と、さきほどの $${1}$$ よりも小さい値に下がります。この不確実性の減少分 $${1 - 0.81 = 0.19 \ \mathrm{bit}}$$ が、情報 $${I}$$ の持つ情報量です。

情報量がゼロの情報というものもありえます。例えば、

  1. 「明日は晴れるかもしれないし、晴れないかもしれない」

  2. 「検査の結果、全体の半数が中央値を下回っていることが分かった」

のような、当たり前の(何も言っていない)文章が持つ情報量は $${0}$$ です。

情報の価値

意思決定に対する情報の価値とは、

「その情報を使わずに意思決定した場合と、その情報を使って意思決定した場合の、結果の期待値の差異」

として定義されます。『意思決定分析と予測の活用』という本では、次のように表現されています。

1. 情報を使うことで,行動が変わる
2. 行動が変わることで,結果が変わる
3. 変わる前と変わった後の結果の差異が,情報の価値

馬場真哉『意思決定分析と予測の活用』

逆を言えば、行動(選択)に影響を与えない情報に価値はないということです。情報量がゼロの情報に価値がないのは当然ですが、情報量がゼロでない場合にも、それによって意思決定の選択が変わる可能性がないのであれば、その情報に(少なくともその意思決定において)価値はありません。取りうる選択肢が現実的に1つしかない場合には、どんな情報も役に立たないのです。

$$
\begin{CD}
\text{情報} @>>> \text{行動} @>>> \text{結果}
\end{CD}
$$

一方で、何かが「分からない」という情報が得られたとして、その情報に価値がないというわけでもありません。同じ「分からない」という情報でも、「調べた結果、分からないということが分かった」と「調べていないので、分からない」は違うからです。

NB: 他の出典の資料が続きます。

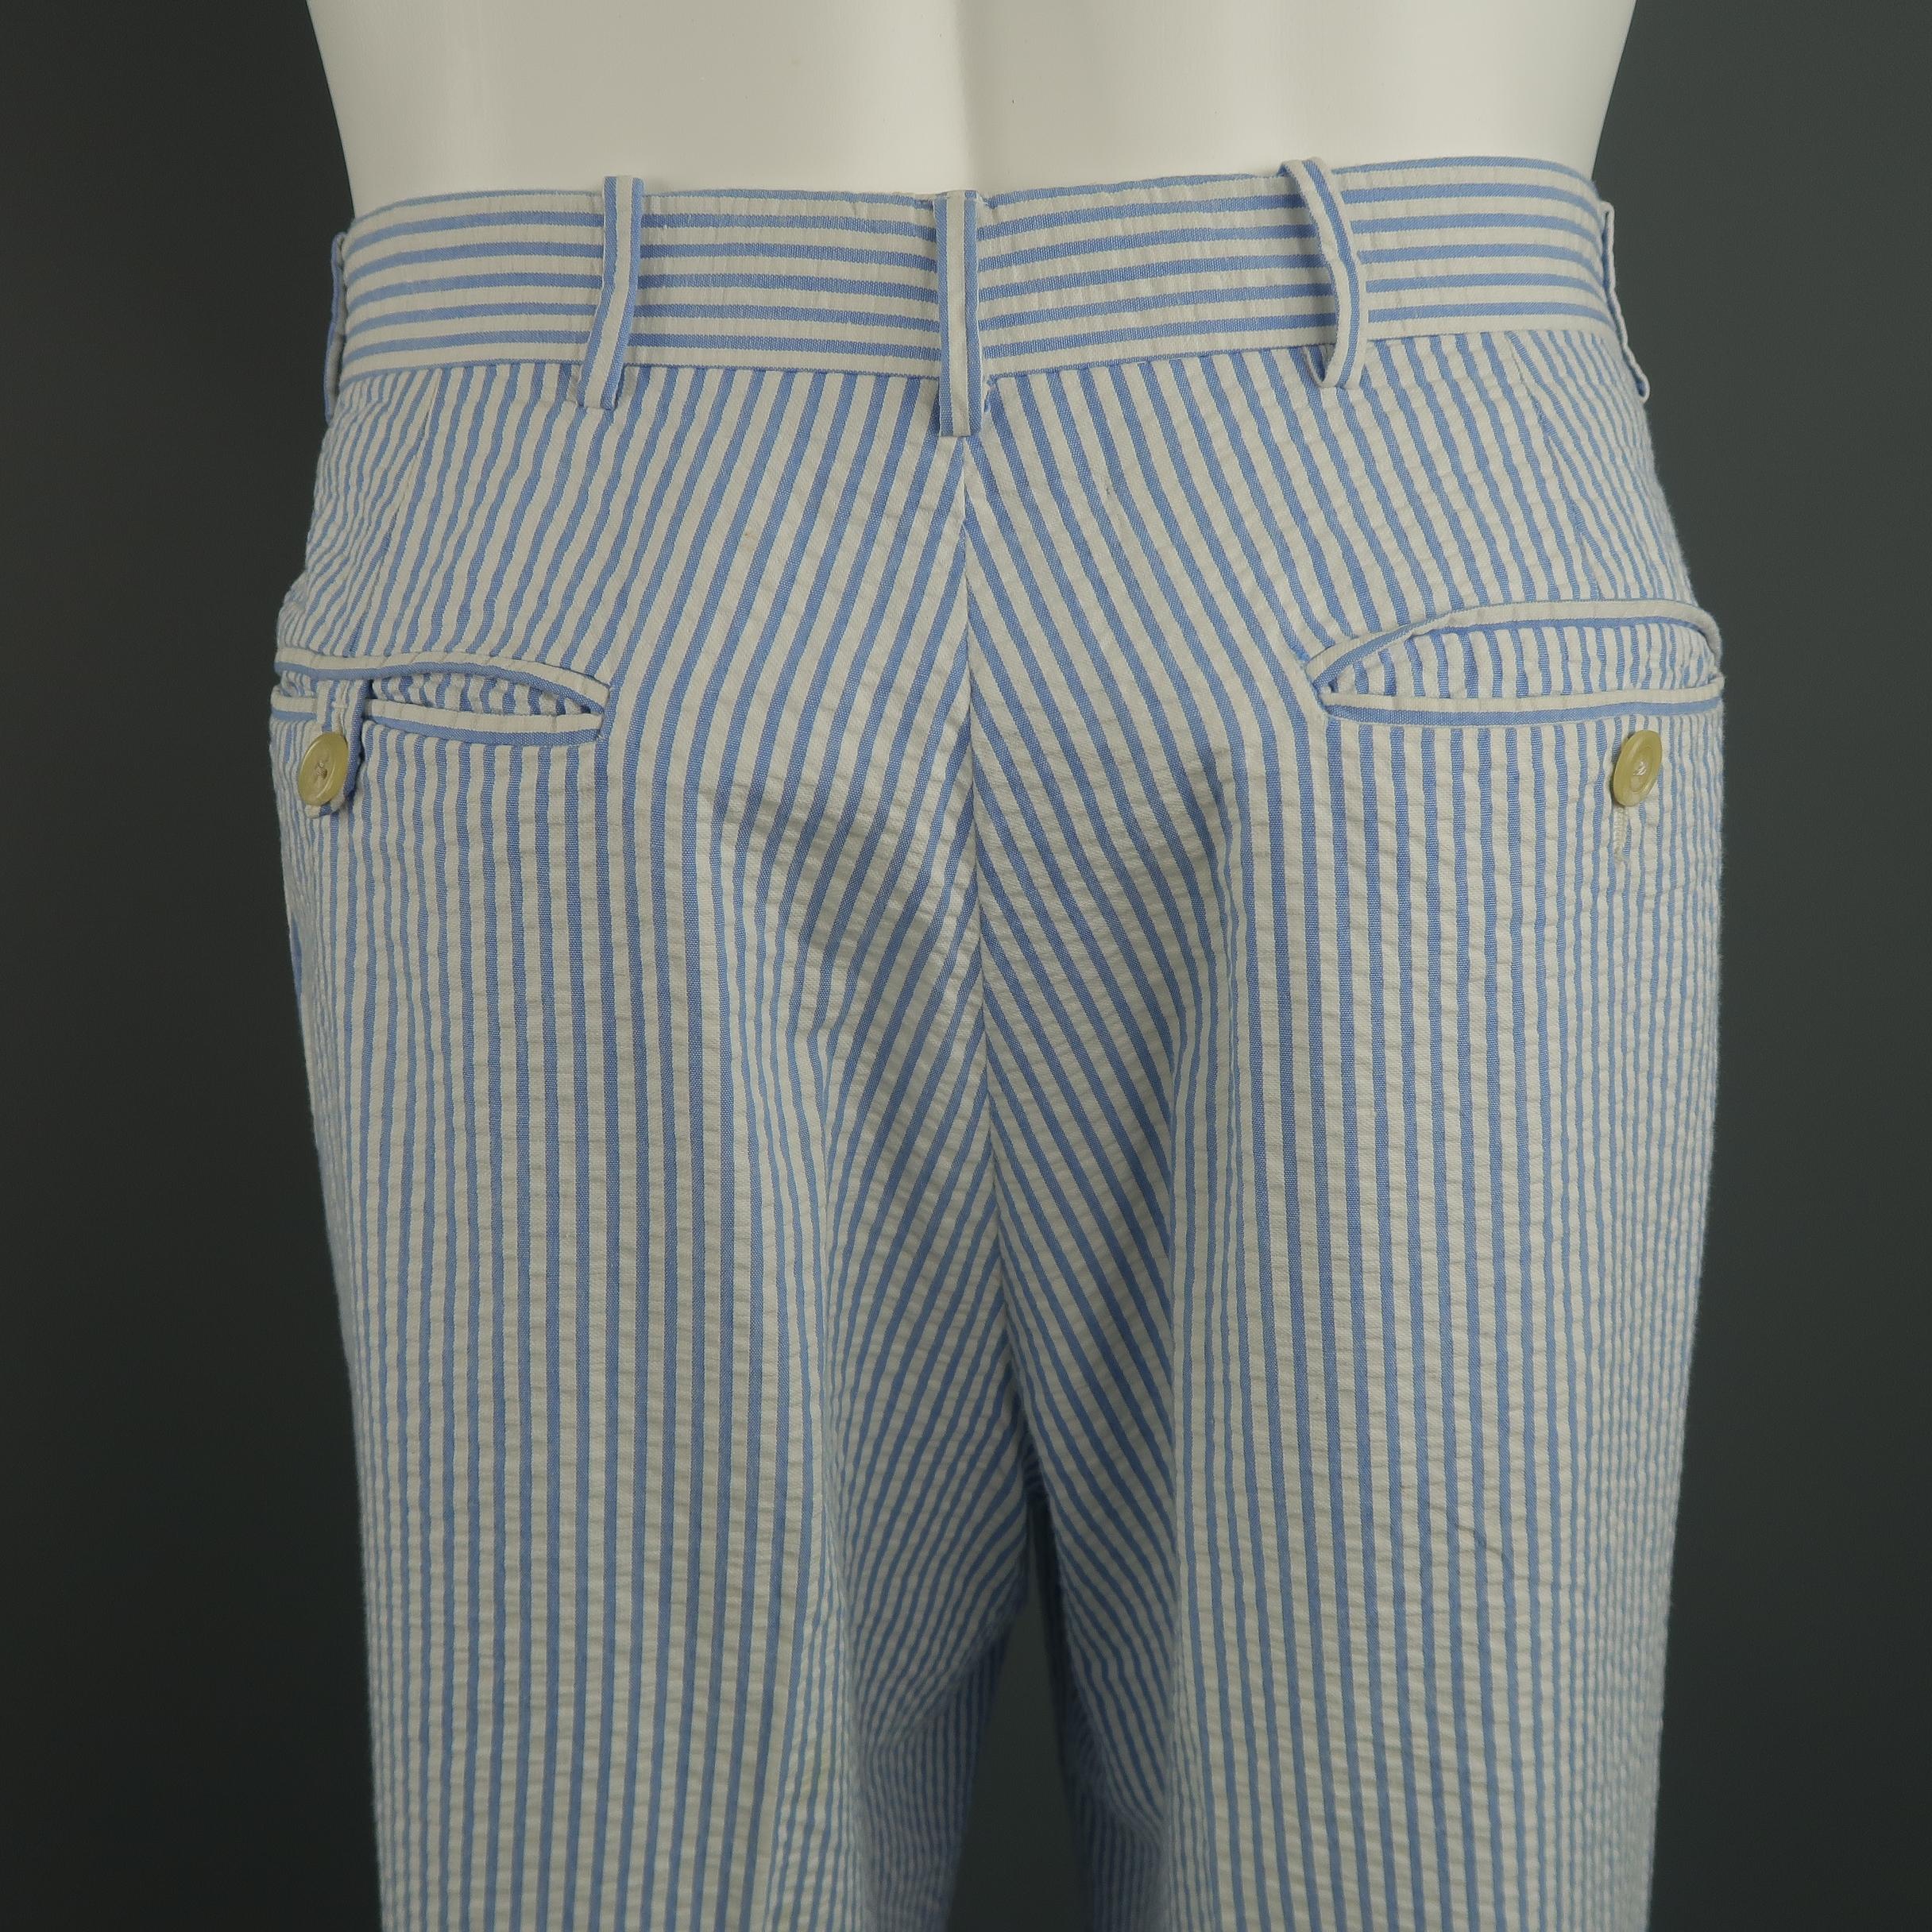 blue and white seersucker pants

一般に、情報を得ることにはコストがかかります。だからこそ、ある情報を手に入れようと思ったときに、その情報によってどのような行動変容を起こせるか、どのようなインパクトに繋がるかを意識することは大切になります。

意思決定の実践

ここまで、意思決定の理論的なことを紹介してきましたが、普段の会議で「この情報のエントロピーは...」などと語り出す人はいないと思います(私もしません)。ここでは、より実践的な観点で、私が普段意識していることをご紹介したいと思います。

それは、意思決定に使用するパラメータ(変数)の数を、可能な限り削ぎ落とすことです。

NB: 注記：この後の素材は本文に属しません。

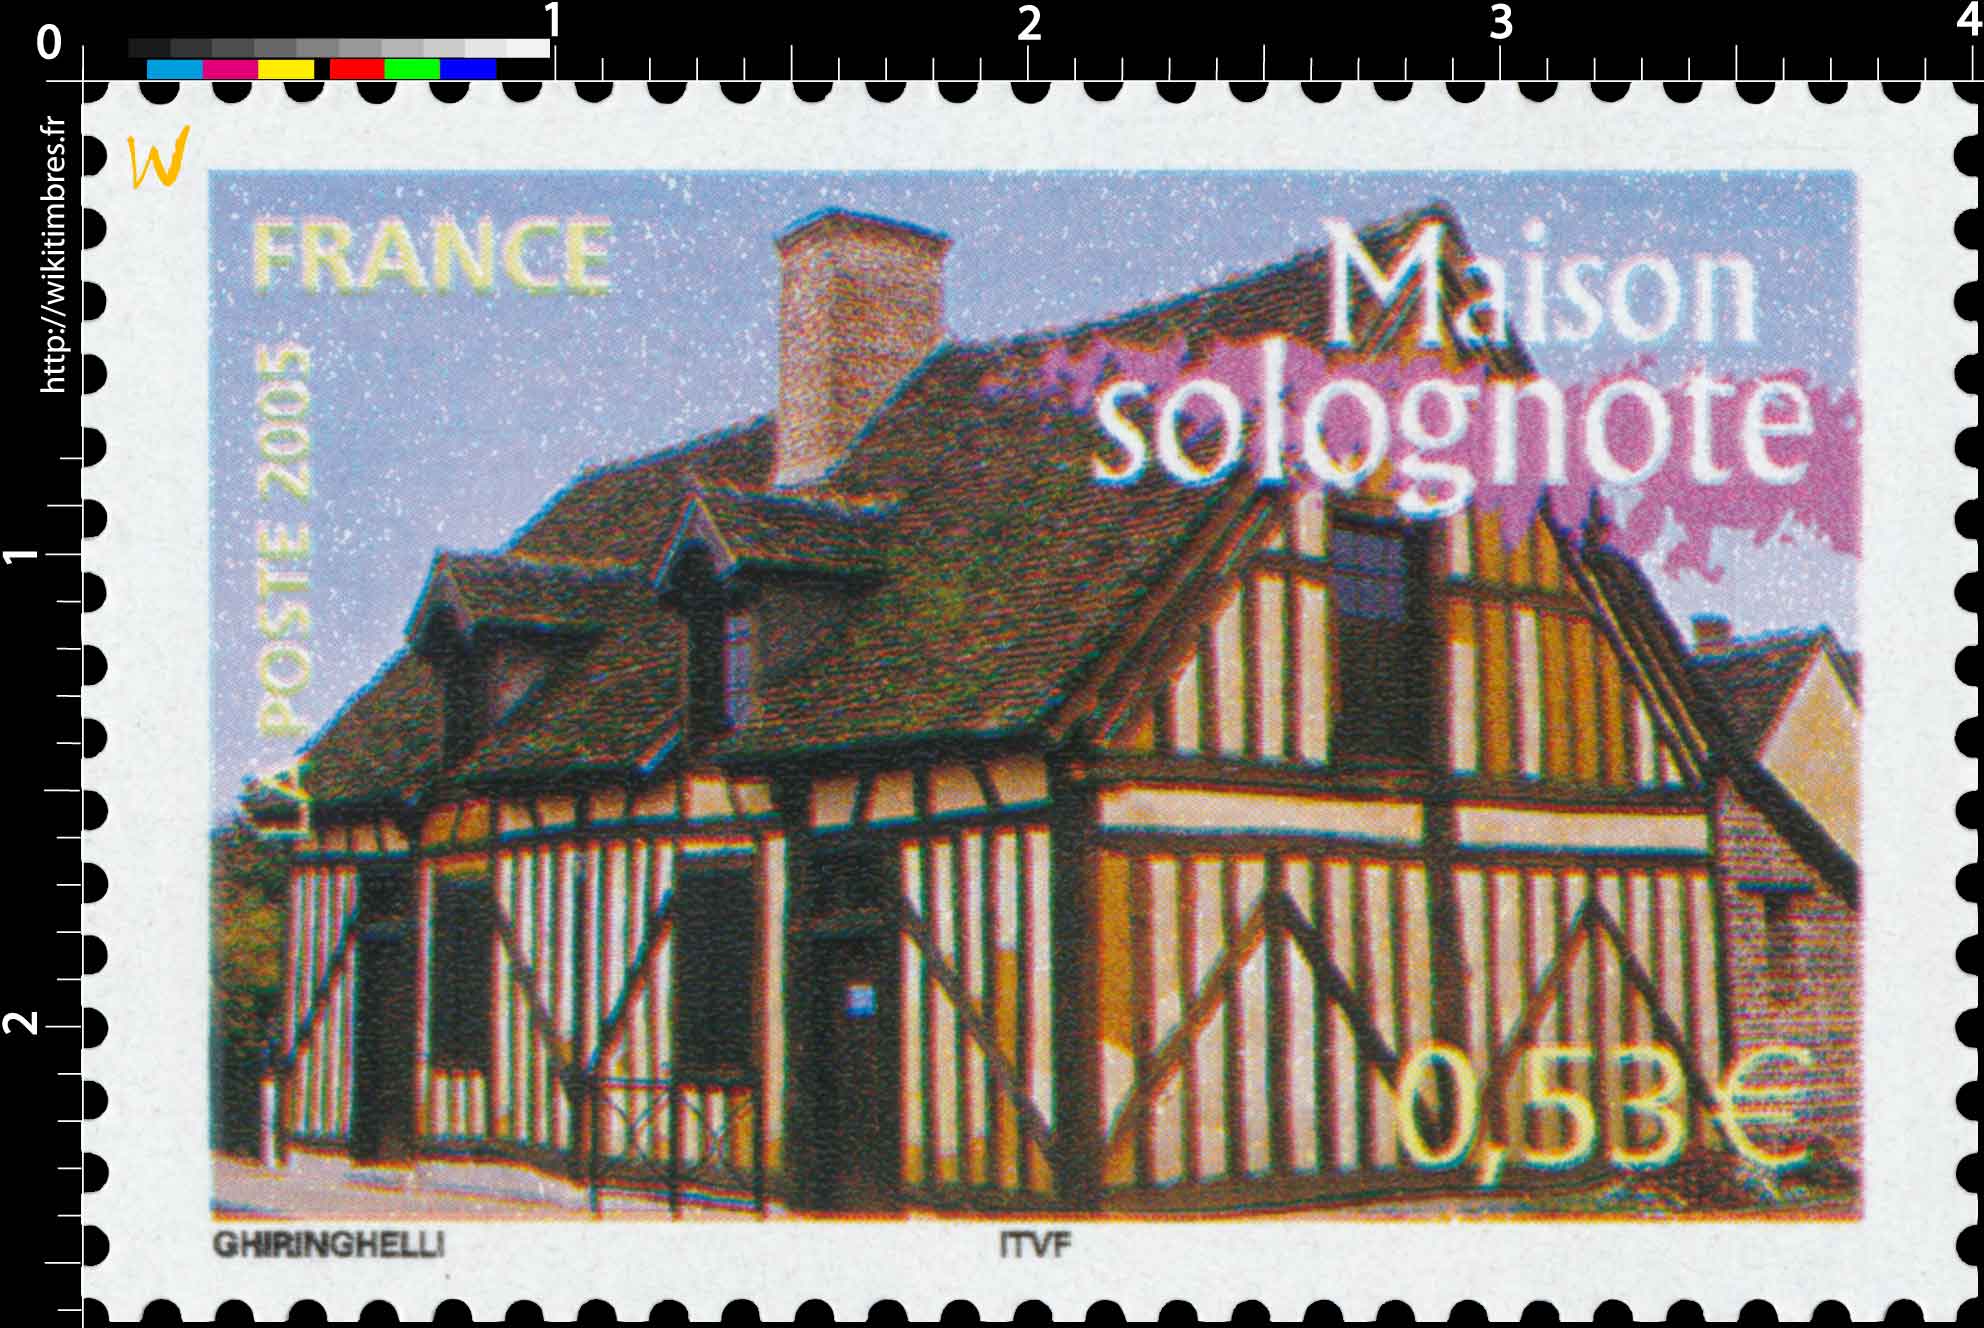 2005 Maison solognote

理想的なことを言えば、「あらゆる状況と選択肢の組み合わせ」を網羅するディシジョンツリー(決定木)を描いて、その全ての確率を見積もれば、目的関数を最大化させるような意思決定を下すことは可能です。

ただし、その組み合わせはパラメータの数に従って指数関数的に増えますから、もし10種類も変数があると、とても人間が会議で議論できるものにはなりません(そういった性質の意思決定が必要なときは機械学習技術を使いましょう)。

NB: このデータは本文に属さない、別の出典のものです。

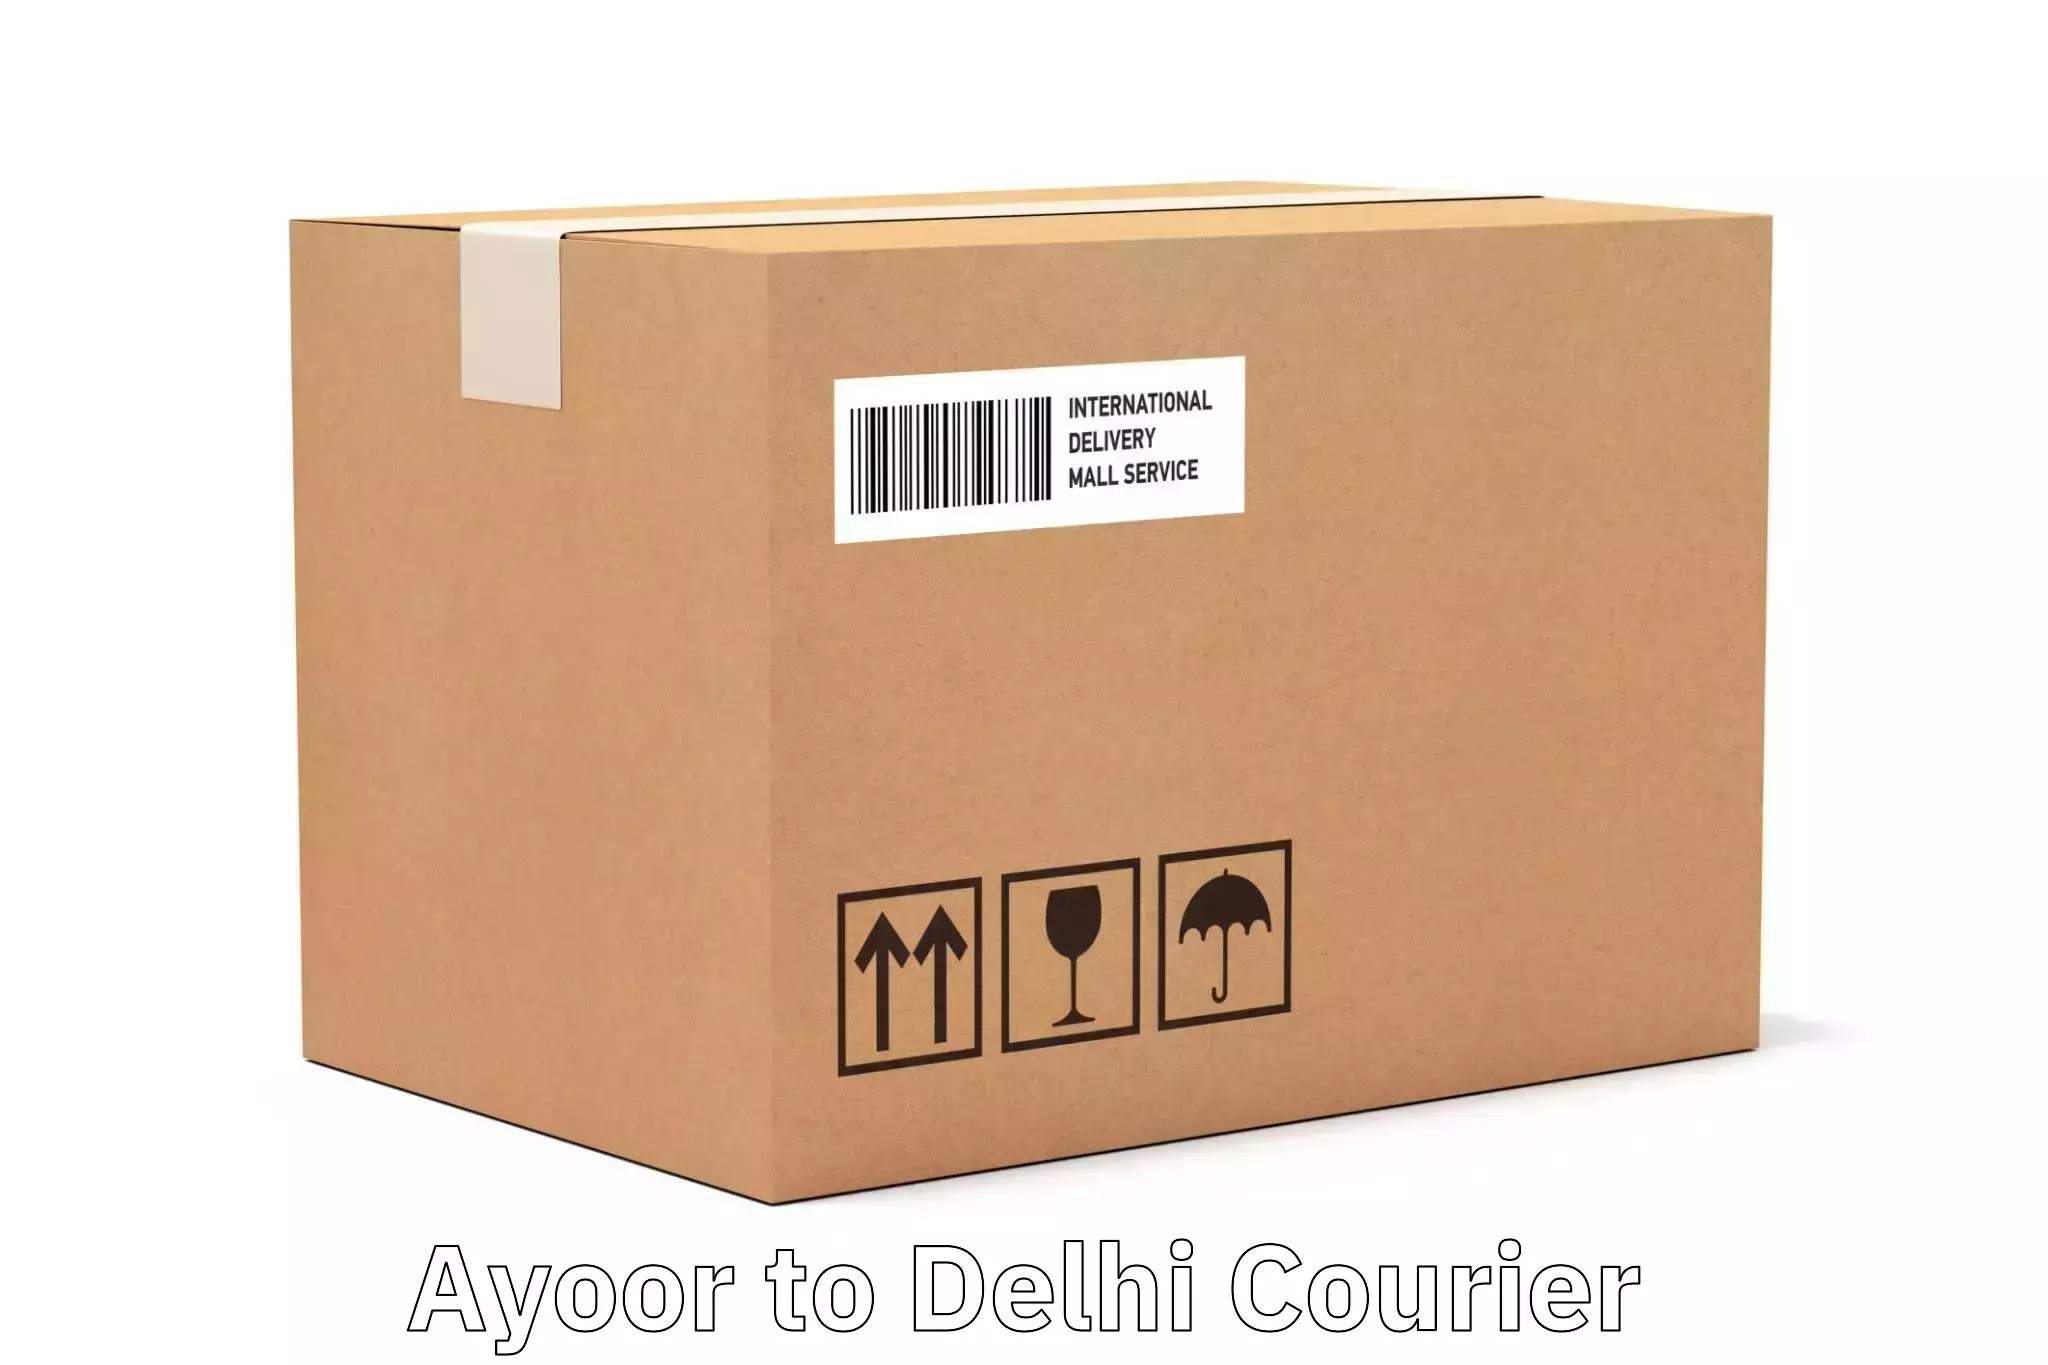 Express delivery capabilities Ayoor to Kalkaji

人が議論を通して意思決定をする場では、パラメータの数は多くとも3つ以内にするのがオススメです。

ディシジョンツリー(決定木)

「我々が考慮すべきパラメータの数はそんなに少なくない!」と思われる方もいるかと思います。なるべく本質的な情報を保ったまま意思決定変数を削減するためには、

  1. 変数の独立性を評価する

  2. 変数の不確実性を評価する

  3. 意思決定を階層化する

ことが効果的です。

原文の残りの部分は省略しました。